Forum Moderators: phranque
How many characters long can a subdomain be?
What characters are legal in a subdomain? A-Za-z0-9 and?
What characters or character combinations illegal in a subdomain?
(ex: domains accept dashes, but not consecutive dashes and not dashes at the beginning or end of the domain)
See 'Hostnames' in RFC2396, RFC1034, RFC1123 as a start.
Jim
safe = "$" ¦ "-" ¦ "_" ¦ "." ¦ "+"
extra = "!" ¦ "*" ¦ "'" ¦ "(" ¦ ")" ¦ ","
national = "{" ¦ "}" ¦ "¦" ¦ "\" ¦ "^" ¦ "~" ¦ "[" ¦ "]" ¦ "`"
punctuation = "<" ¦ ">" ¦ "#" ¦ "%" ¦ <">
reserved = ";" ¦ "/" ¦ "?" ¦ ":" ¦ "@" ¦ "&" ¦ "="
hex = digit ¦ "A" ¦ "B" ¦ "C" ¦ "D" ¦ "E" ¦ "F" ¦
"a" ¦ "b" ¦ "c" ¦ "d" ¦ "e" ¦ "f"
escape = "%" hex hex
unreserved = alpha ¦ digit ¦ safe ¦ extra
uchar = unreserved ¦ escape
xchar = unreserved ¦ reserved ¦ escape
digits = 1*digit
It would be nice to see some Apache documentation that defined apache's actual ruleset for validating a subdomain though, as (I would think) their software would have the final say.
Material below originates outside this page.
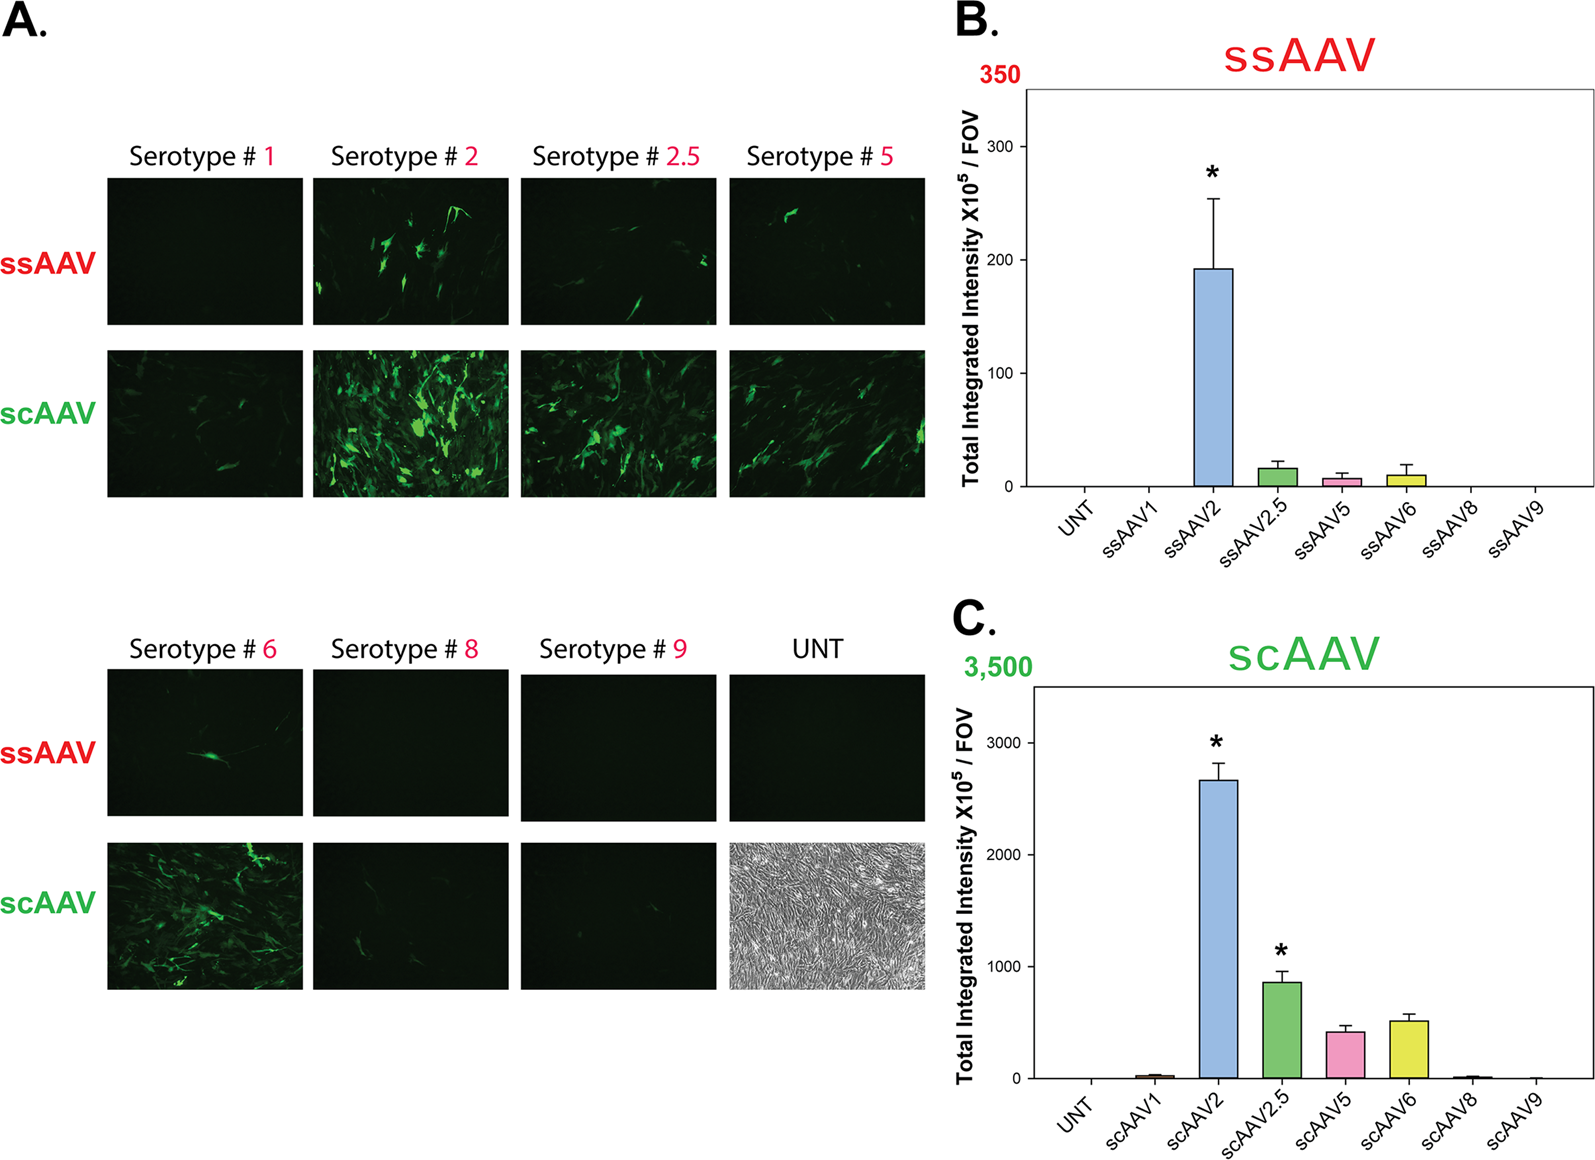 Spoedig veel plezier Corrupt Transduction optimization of AAV vectors for human gene therapy of glaucoma  and their reversed cell entry characteristics | Gene Therapy

2.3. Unreserved Characters
Characters that are allowed in a URI but do not have a reserved
purpose are called unreserved. These include uppercase and lowercase
letters, decimal digits, hyphen, period, underscore, and tilde.
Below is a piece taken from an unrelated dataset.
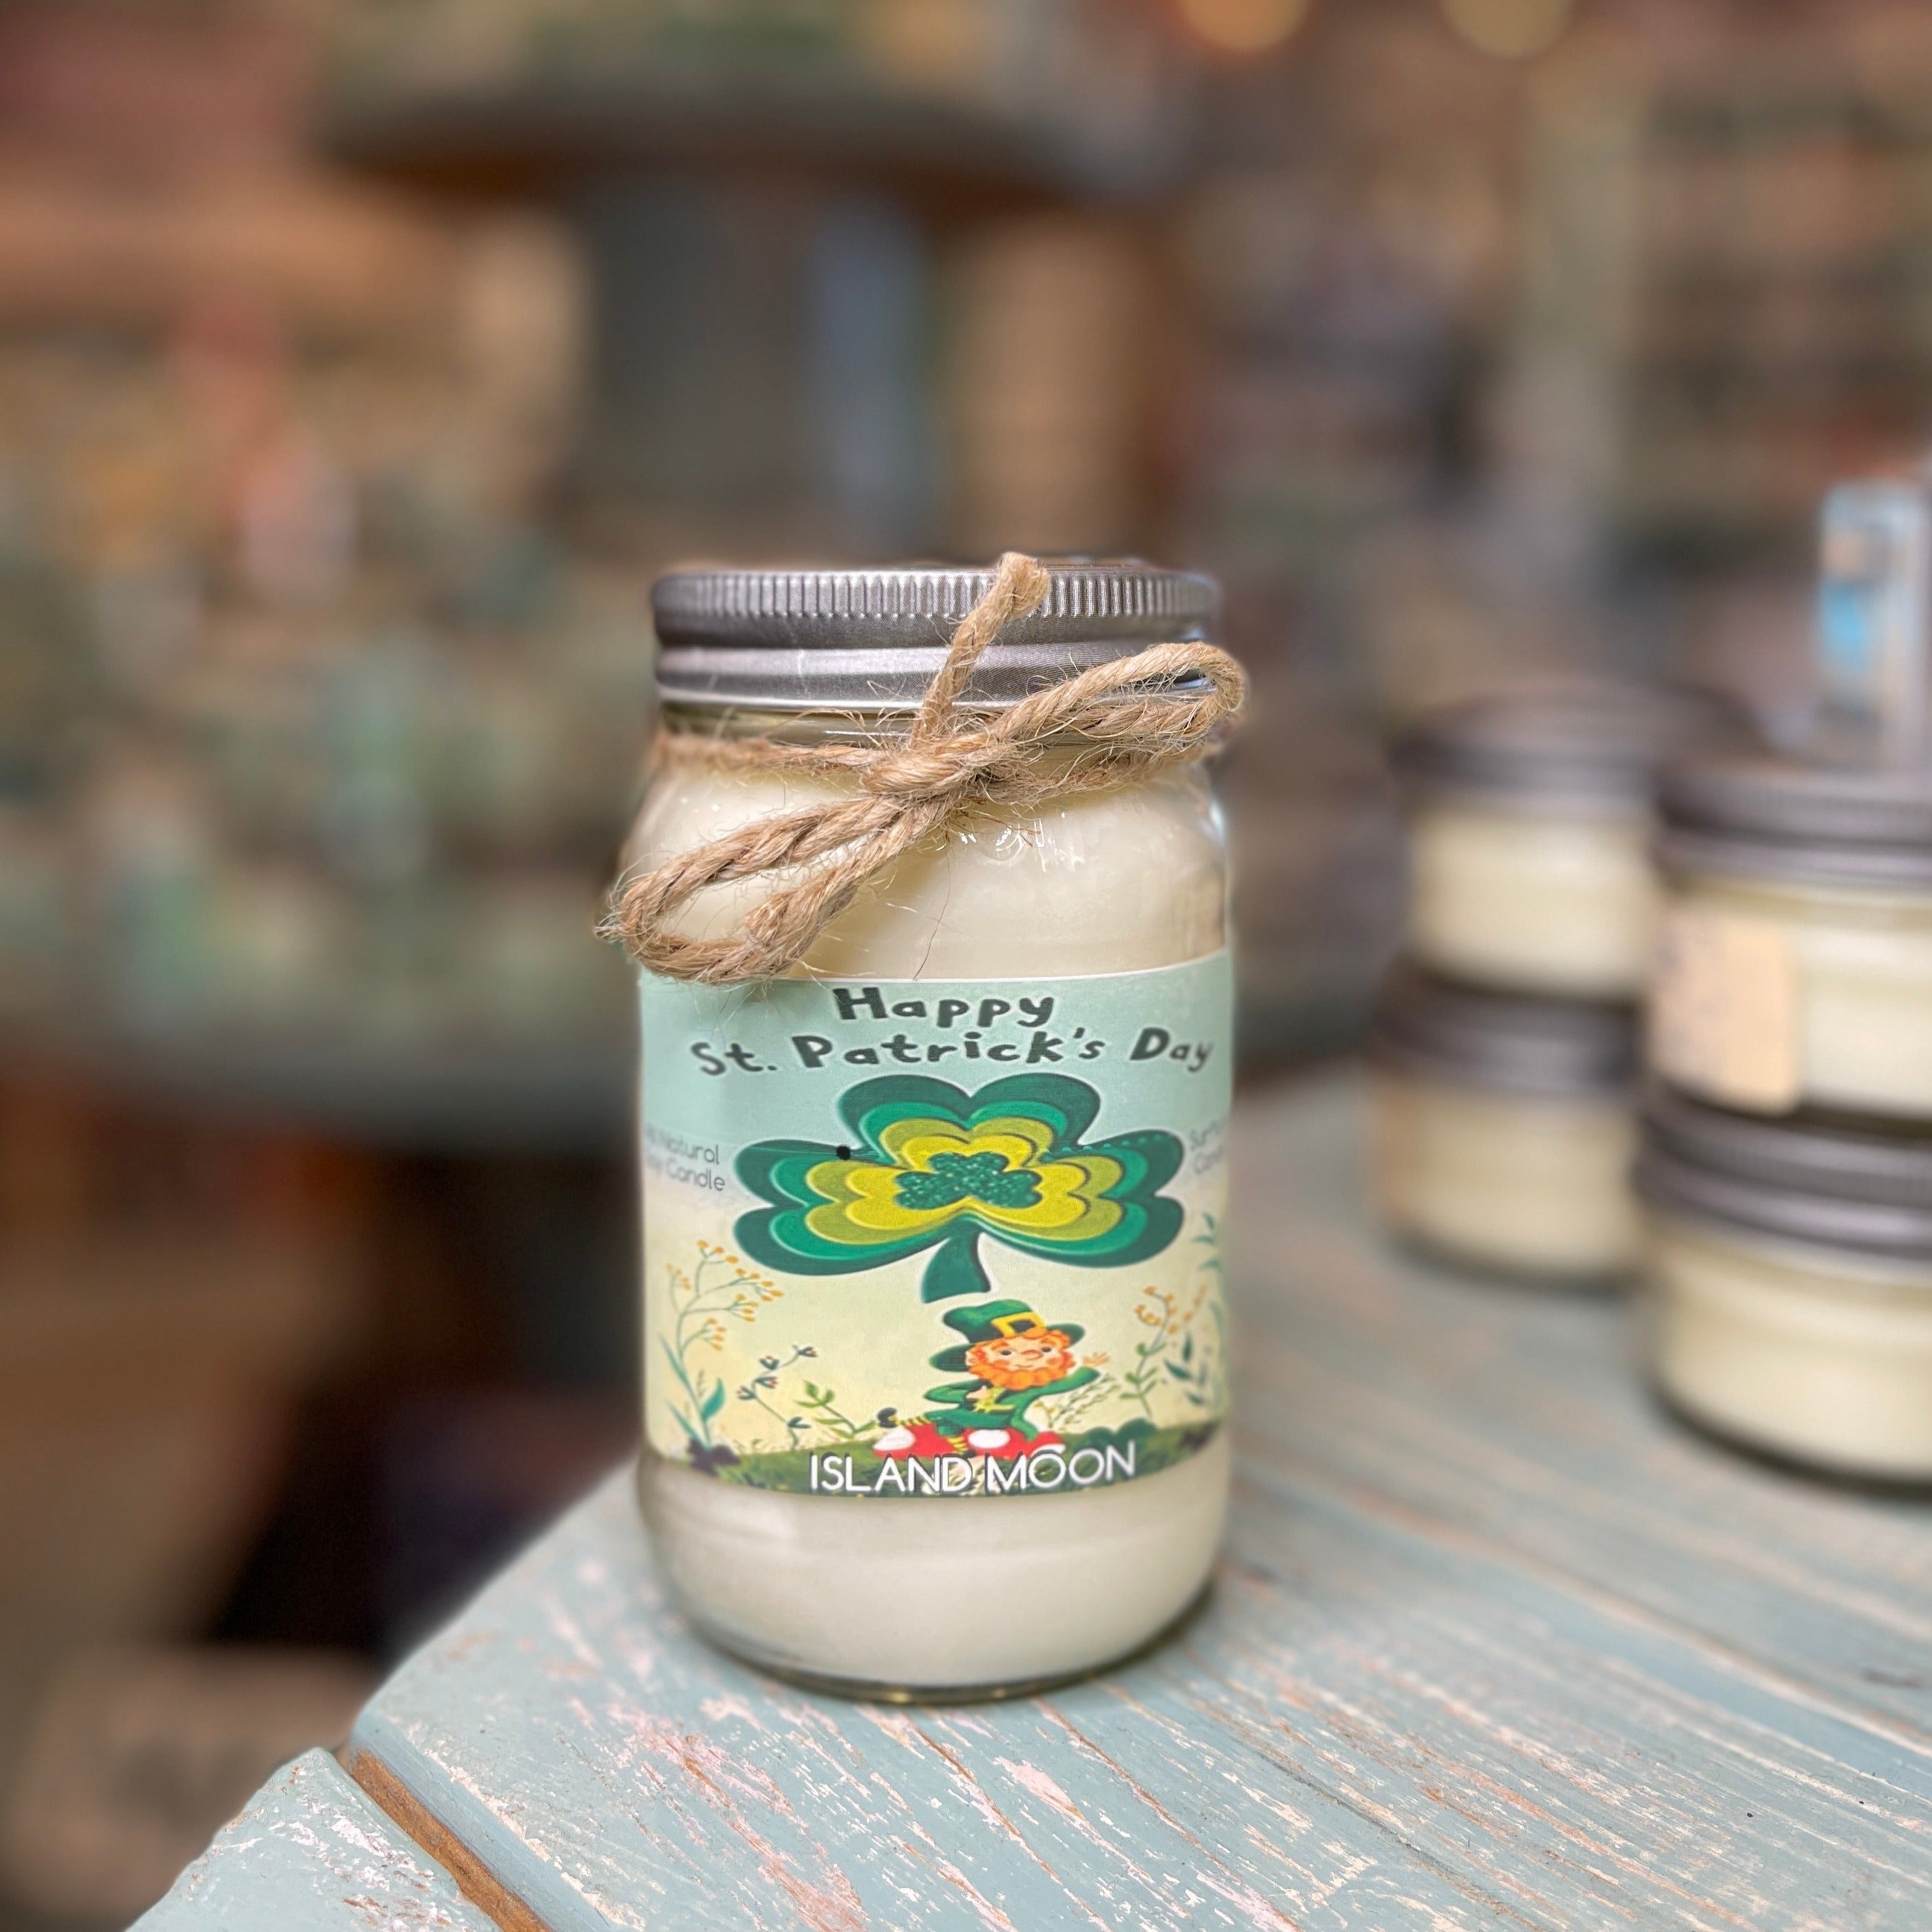 Super Lucky Island Moon Mason Jar Candle - St. Patrick's Day Collection

unreserved = ALPHA / DIGIT / "-" / "." / "_" / "~"
Page 17 of RFC1738 is also useful, if you can stand a bunch of recursive definition'ing.
Apache does not define any of this stuff, because Apache was written to *follow* the RFCs, not define them. This is the opposite approach as that taken by our favorite OS maker in Redmond WA. :)
Apache pretty much accepts any request that hits its port(s) -- So the validity of a hostname is determined by the DNS system, and not by servers.
Jim
I didn't find any documentation from cPanel stating their ruleset, but since that software is so widespread I ended up doing some testing to see how they handled subdomains.
The cPanel system takes any subdomain that starts with a valid character. If you start the subdomain with a valid character and throw in an invalid character somewhere along the way (hello+world), it accepts the subdomain up to the invalid character (hello), although it maps the subdomain to the entire string (home/user/public_html/hello+world).
I haven't thought of a good solution to tackle the international character sets. Unfortunately, I don't think regex has any international character sets defined.